Spiders web code

 

A team from the University of Melbourne’s Department of Zoology, found that orb weaving spiders respond to severe damage to their webs by building bigger silk crosses, but if the damage is mild then they don’t bother improving them.  Professor Mark Elgar said web damage is costly for spiders because a lot of nutritional resources are required to rebuild a web. A team left a bunch of orb-weaving spiders in a lab to build there webs, when they were done some were badly damaged and some were mildly damaged, and the rest were left alone. The spiders increased their activity on the severely damaged ones but left the lightly damaged ones alone. On the light damaged ones building of silk crosses serves to make the webs more visible for other animals that might fly or walk into them. 

Young spiders weave webs with perfect angles and pattern, older spiders weave there webs with a lot of gaps and bad patterns.

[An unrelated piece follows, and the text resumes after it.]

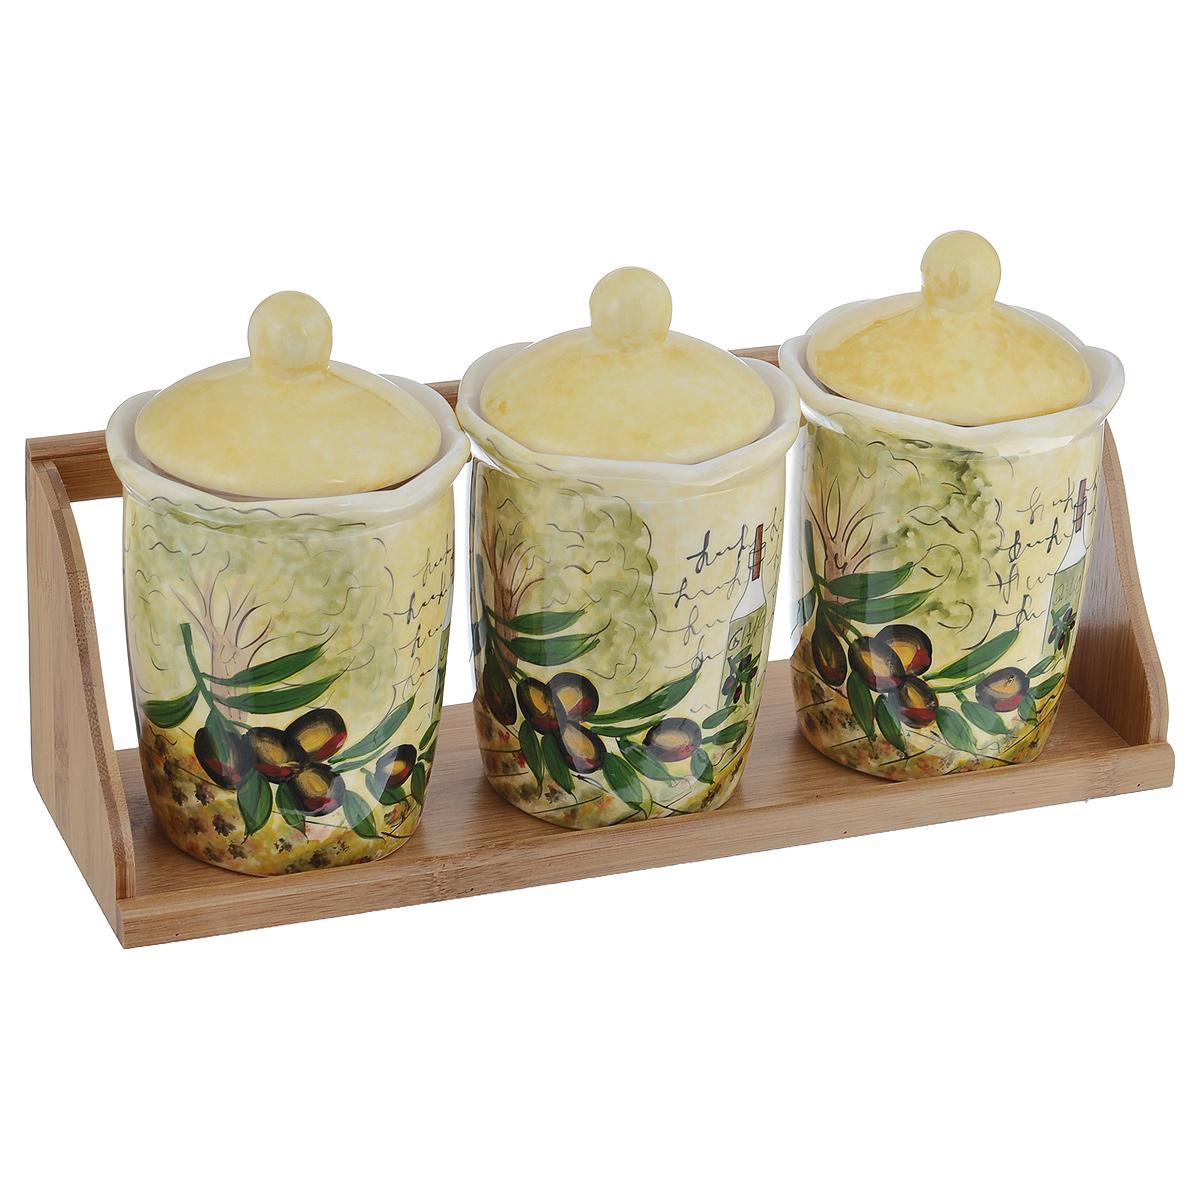 Набор банок для хранения сыпучих продуктов Маслины, 4 предметаDFC02076-02208 BO 3/SНабор Маслины состоит из трех больших банок и подставки. Предметы набора изготовлены из доломитовой керамики и декорированы изображением маслин. Изделия помещаются на удобную деревянную подставку. Оригинальный дизайн, эстетичность и функциональность набора позволят ему стать достойным дополнением к кухонному инвентарю. Можно мыть в посудомоечной машине на минимальной температуре. Диаметр основания емкости: 7,5 см. Высота емкости (без учета крышки): 12,5 см. Объём каждой банки: 550 мл. Размер подставки: 34 х 10,5 х 11,5 см.

17 days old                                                                                                           188 day old spider
Young Vs. Older Spider webs
The reason web building skills are lost as the spider grows older is because of degeneration of there central nervous system. A team from the University of France, says “our next step will be to understand wether age-induced changes in the central nervous system are behind the deffrences in behavior we have found.”

Spiders today weave there webs differently than there long extinct ancestors. Modern spiders make there webs with modified appendages called spinnerets. The extinct spiders weaved there webs from spigots on plates attached to the underside of their  bodies, unlike spiders today they had long tails.